It will be appreciated that, despite the specificity of the present examples, the task definitions can also include different types of content and formats. By way of example, the task definitions can include dynamic key-value pairs that accommodate different types of multimodal inputs and types of content identified for the key-value pairs. Importantly, the referenced task definitions are not necessarily an exhaustive list of all task functions, formats of inputs and outputs, and key terms associated with the tasks. The task definitions can also be updated to include new definition content and/or to modify or replace existing task definitions based on detected new user input and new third-party input.

In some instances, when the labeled input data matches key terms for a plurality of different task definitions, the computing system will identify and select the best match between a selected/proposed task to be performed and the labeled input data based on a determined relevance of the labeled input data to the task definition of the selected/proposed task relative to the task definitions for different possible tasks.

As shown in FIG. 2B, once the system selects a proposed task from the plurality of possible tasks, the system presents an output comprising a textual description that identifies the proposed task (e.g., object detection task) with some additional information about the task definition (e.g., possible output formatting). A request is also provided for additional information from the user that can be used to formalize the taxonomy of inputs and outputs for the customized vision task model that is being generated to perform the proposed task.

In some instances, the system identifies additional information to request from the user based on the task definition corresponding to the selected task. In particular, the task definition may include a predefined list of required information (e.g., input and output types, classes, formats). This required information is needed, in some instances, to formalize the taxonomy of input and output formats for the model that will perform the selected task. Any new information provided by the user can also be used to modify a task definition for a selected task (e.g., modifying Task Definition C into Task Definition C′ and even further into Task Definition C″) and/or select a different task based on determining a different task definition is more relevant to and/or a better match with the labeled input data obtained from the user, including newly received input data responsive to prompting from the system for the required information.

The system will prompt the user until all of the required information is provided by the user. This may occur through an iterative multi-turn dialogue with the user. The system uses the referenced models to determine how to formulate prompts to the user for the required/missing information and to parse and label the user inputs to determine whether the inputs include the required information.

In the current example, as shown in FIG. 2B, the system may present icons or graphics to further facilitate the dialogue with the user. In particular, the dialogue box 206 that presents the system statement about the selected task, task definition attributes and prompt to the user is presented with an agent icon 220 to reflect that the content of the dialogue box 206 originated from the system and corresponding model customization agent. The dialogue box 206 may also be presented with different formatting than used for the user dialogue box 204. The formatting may include position, size, shape, line weight, coloring, font style, animation, contrasts and/or other formatting.

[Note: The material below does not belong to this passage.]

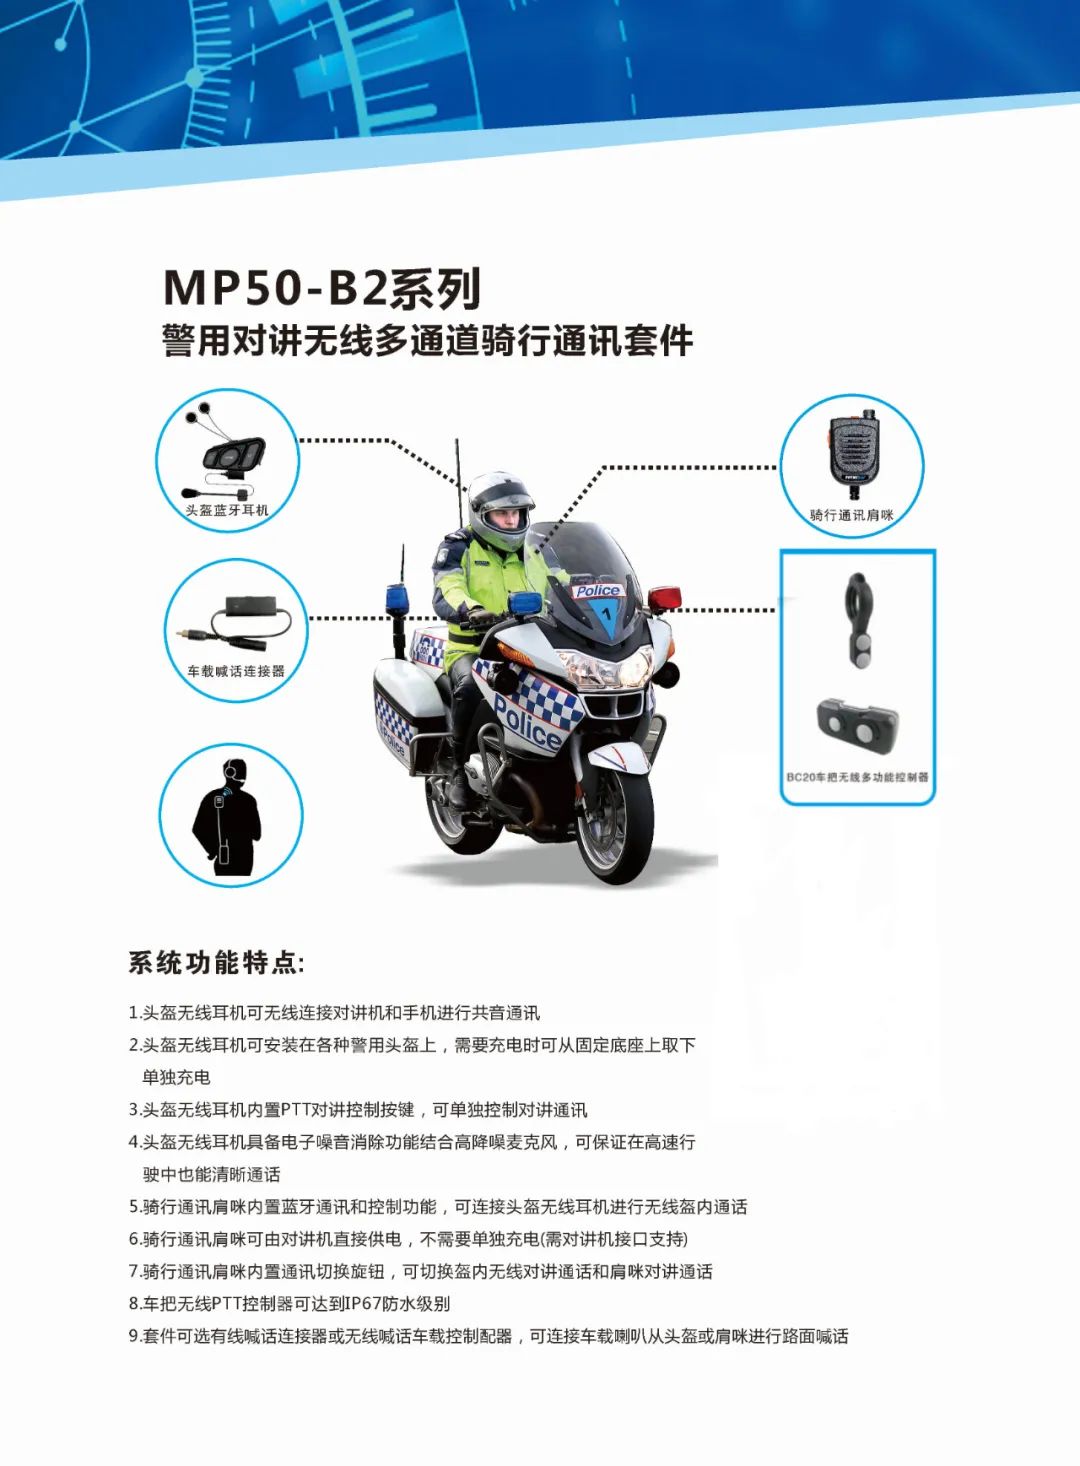 普莱美MP50-B2警用摩托车骑行全无线通讯系统

Once the system has selected the task (act 410), the system will create an inference contract for the selected task (act 420). This act includes the aforementioned act of presenting prompts to the user (e.g., at user interface 200) that identify the proposed/selected task, such as by identifying the task definition (e.g., attributes such as input and output formats and other information associated with the task definition).

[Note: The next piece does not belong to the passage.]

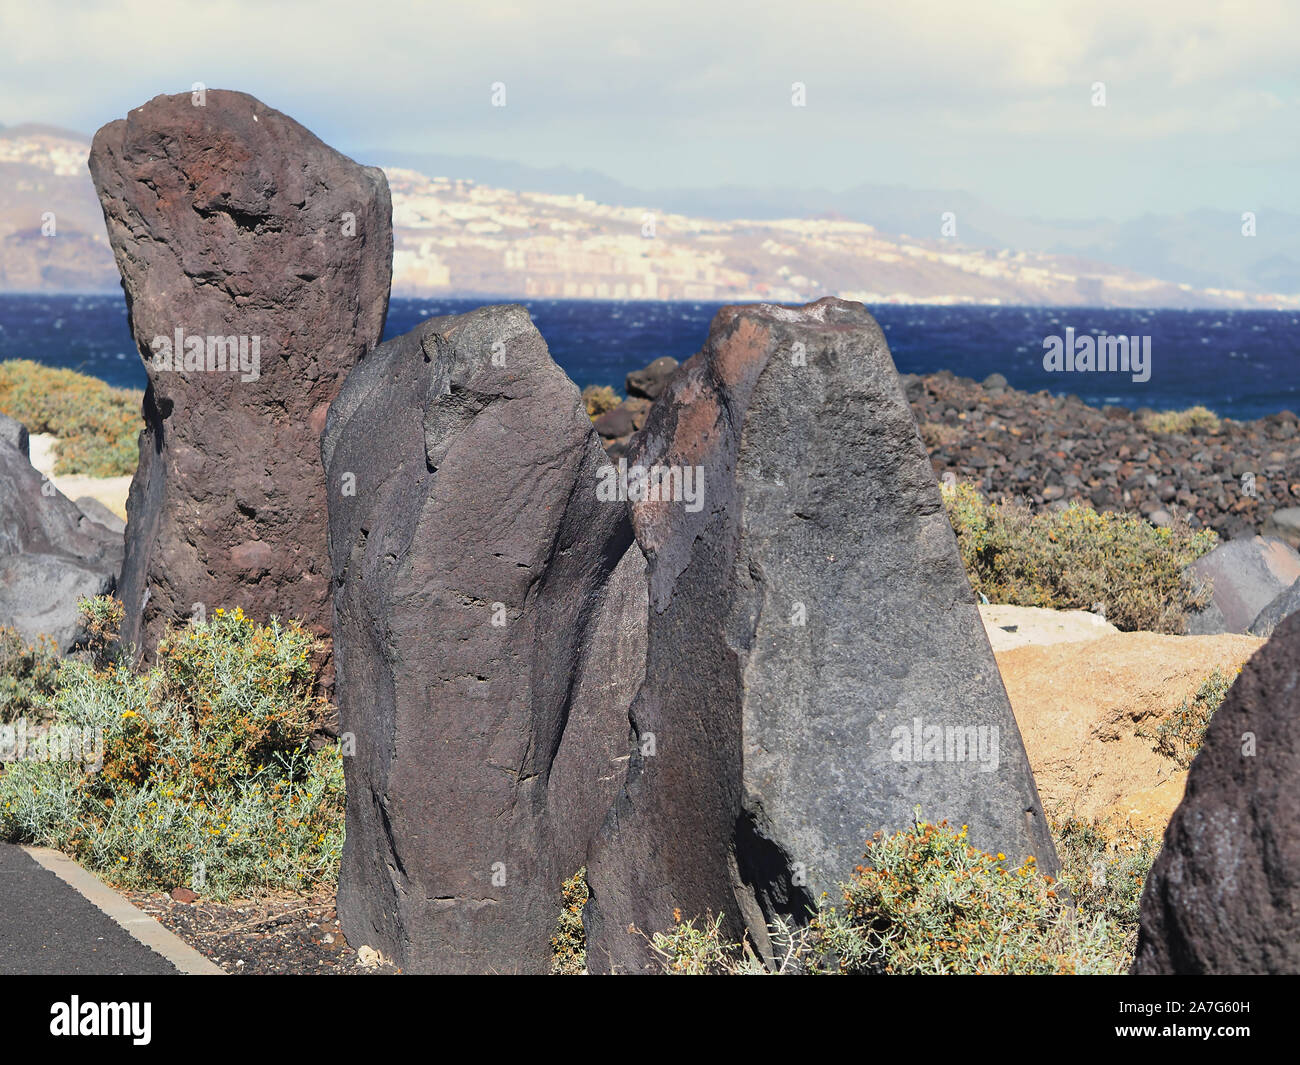 Sehr groß, aufrecht stehend Grau-Lilane lava Steine am Straßenrand neben einander vor der Atlantikküste auf der Insel Teneriffa. In der Ferne die Stockfoto

The process of creating the inference contract also includes obtaining new user input that either confirms the proposed task definition is appropriate and/or that is used to modify the existing task definition for a selected task.

This foregoing process for creating and formalizing an inference contract is illustrated in FIG. 2C, as the user is prompted for additional content (new images of processed metal) associated with the selected task (e.g., defect detection in processed metal), which are provided by the user via dragging and dropping image files into the input field 202 for example, and displayed in user dialogue box 230.

To facilitate a user understanding of the prompt provided by the system, selectable controls can be provided to narrate and/or expound on what is needed. In FIG. 2D, for example, a user can select control 235 to hear a narration and/or additional information about what is needed. The output generated in response to a user selecting control 235 can be generated by the models described previously.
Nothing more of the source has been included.